Mediations vs. arbitrations: The similarities
Both mediation and arbitration are forms of alternative dispute resolution intended to resolve issues before they go to trial, which can be costly both financially and time-wise.
The role of the facilitator of such a negotiation — the mediator in the case of mediations and the arbitrator in the case of arbitrations — is to steer both parties into a mutually agreed-upon resolution that is acceptable.
One of the biggest benefits of these types of negotiations, in addition to saving the court system from overload, is that they allow each party to voice his or her interests without all the formality of the court system, which can be difficult for non-lawyers to navigate. The participants, either the facilitators or the disputing parties, do not necessarily need to be attorneys.
Mediations vs. arbitrations: The key differences
The main difference is that mediation is informal whereas arbitration is formal. Accordingly, the results of mediation are nonbinding, meaning that the decision of the mediator carries no legal weight.

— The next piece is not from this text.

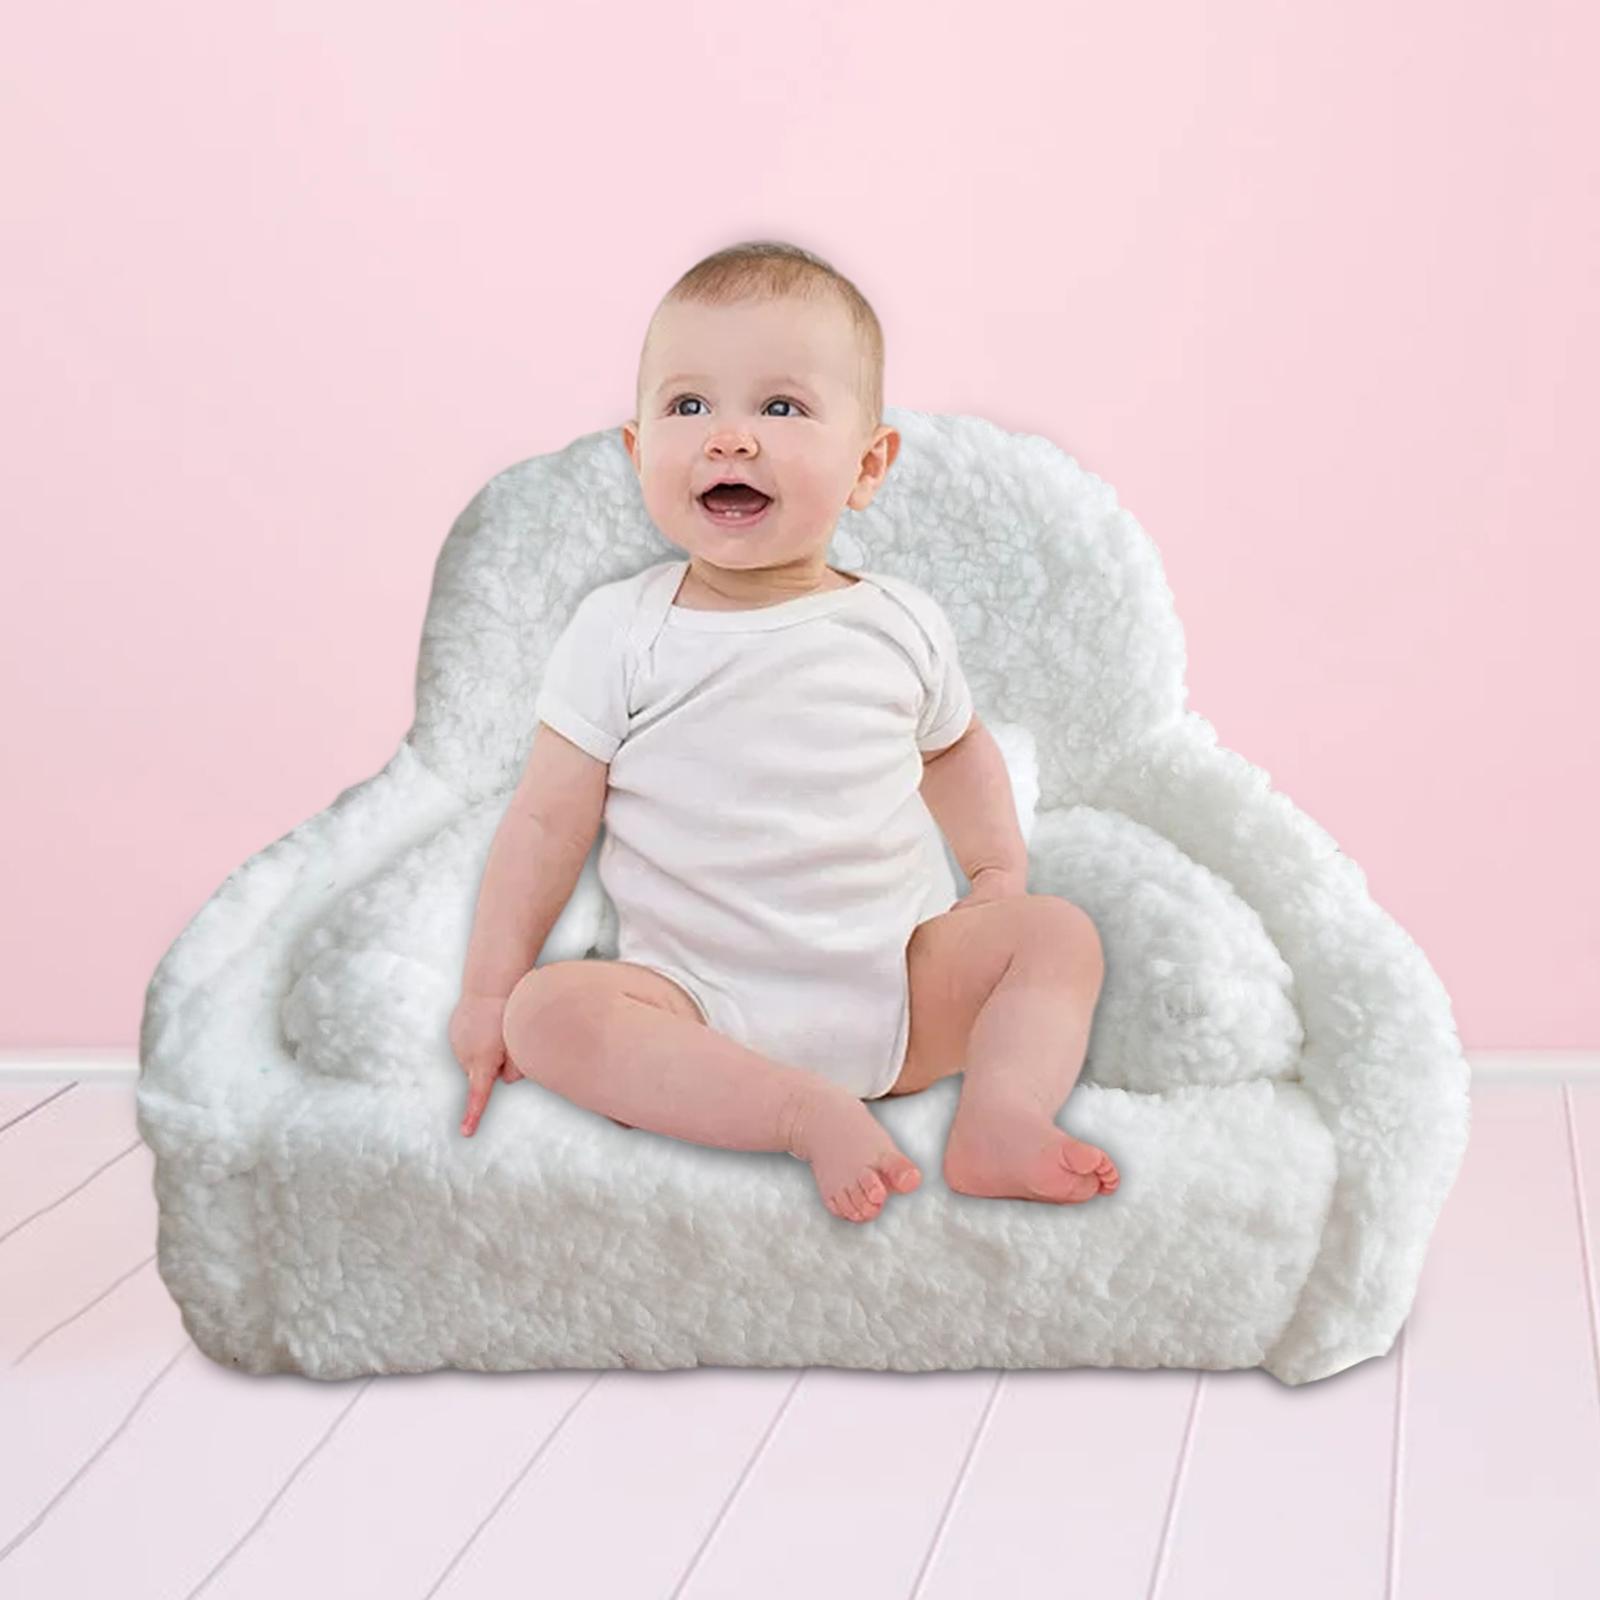 Baby Photo Props Baby Posing Sofa Pillow Photography Props Baby Photo Modeling for Infant Toddler
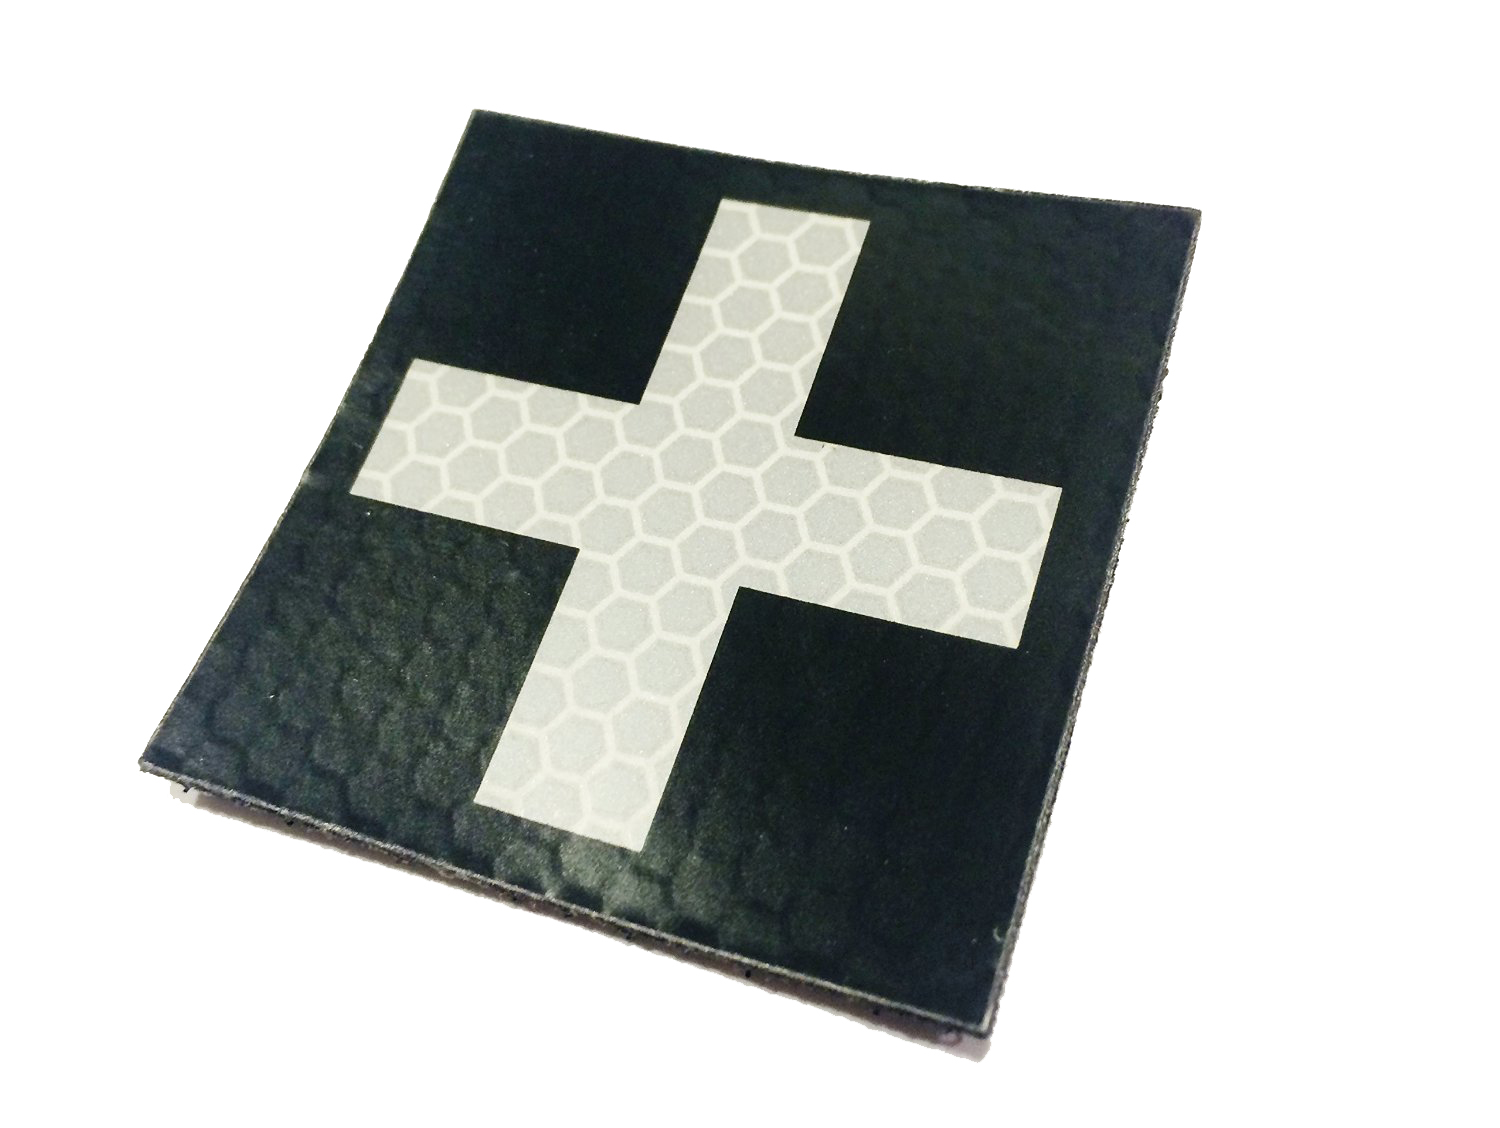 White Combat Medic Reflective Cross Patch — Empire Tactical USA

Either or both disputing parties can choose to ignore the decision of the mediator and pursue whatever legal action they choose.
On the other hand, the ruling of the arbiter is binding. Except under unique circumstances, the resolution offered by the arbiter cannot be appealed.
Arbitrations and mediations are similar proceedings under New Jersey law. However, one is legally binding, and the other is not. Participants should be aware of the benefits and risks of each type before participating in either type of negotiation.